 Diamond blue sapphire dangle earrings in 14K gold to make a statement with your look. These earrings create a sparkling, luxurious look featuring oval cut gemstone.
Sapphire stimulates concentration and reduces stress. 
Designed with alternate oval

▬▬▬

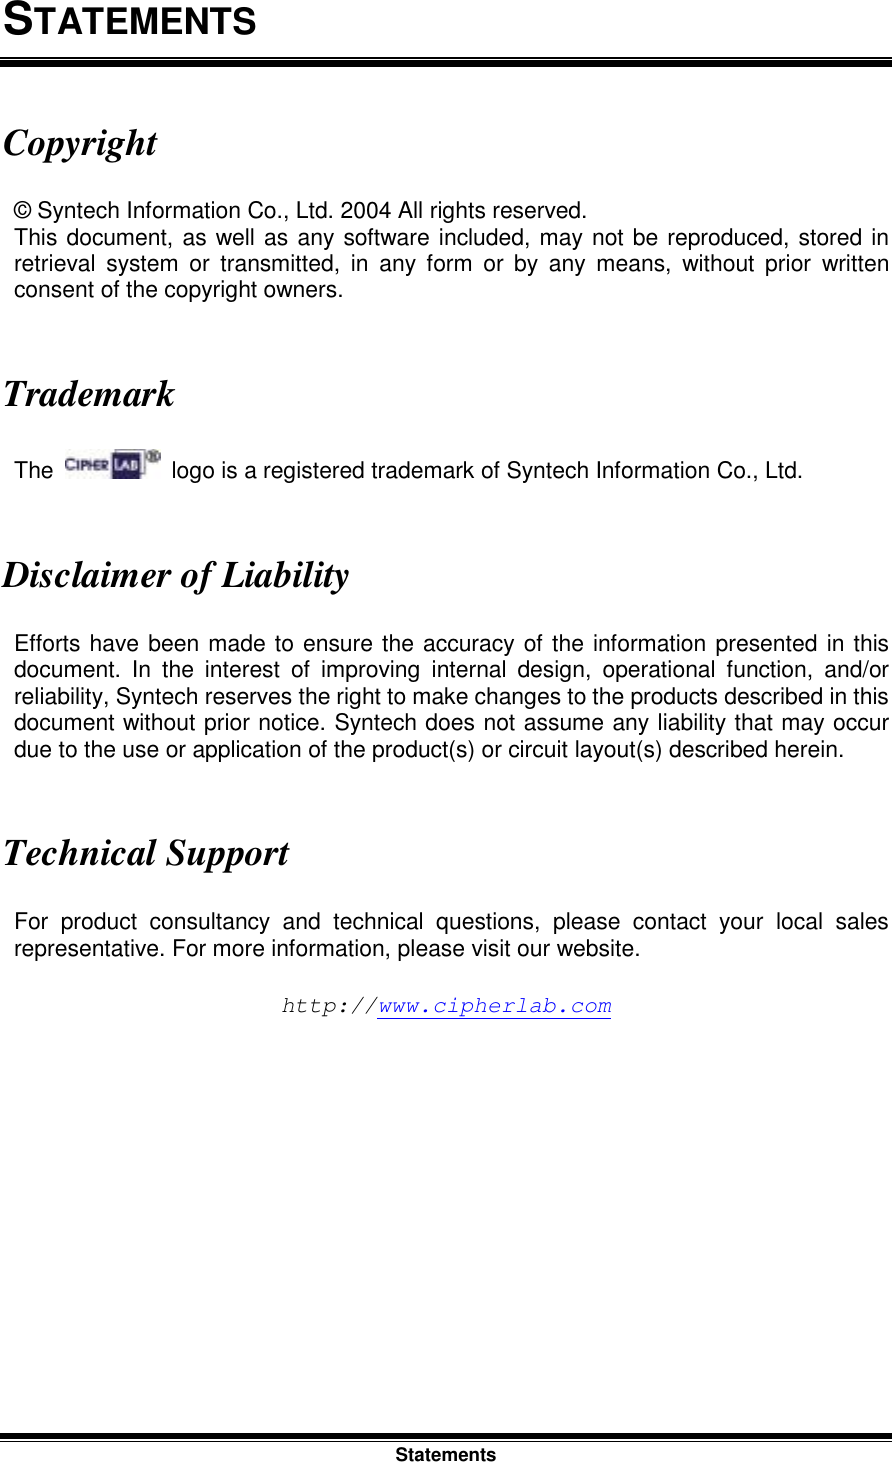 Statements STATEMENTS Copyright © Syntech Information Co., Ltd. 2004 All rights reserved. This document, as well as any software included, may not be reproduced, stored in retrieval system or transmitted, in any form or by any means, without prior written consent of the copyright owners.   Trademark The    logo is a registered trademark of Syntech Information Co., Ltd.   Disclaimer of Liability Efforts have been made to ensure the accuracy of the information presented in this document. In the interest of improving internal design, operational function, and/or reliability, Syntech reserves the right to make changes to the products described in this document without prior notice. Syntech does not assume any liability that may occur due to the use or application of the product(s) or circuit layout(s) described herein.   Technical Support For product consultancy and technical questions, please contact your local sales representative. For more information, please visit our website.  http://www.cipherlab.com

▬▬▬

_Problem_
Above are the records; copy exactly the lines from the line with "Diamond blue sapphire" through the line with "Designed with alternate oval", both included.

_Answer to this problem_
 Diamond blue sapphire dangle earrings in 14K gold to make a statement with your look. These earrings create a sparkling, luxurious look featuring oval cut gemstone.
Sapphire stimulates concentration and reduces stress. 
Designed with alternate oval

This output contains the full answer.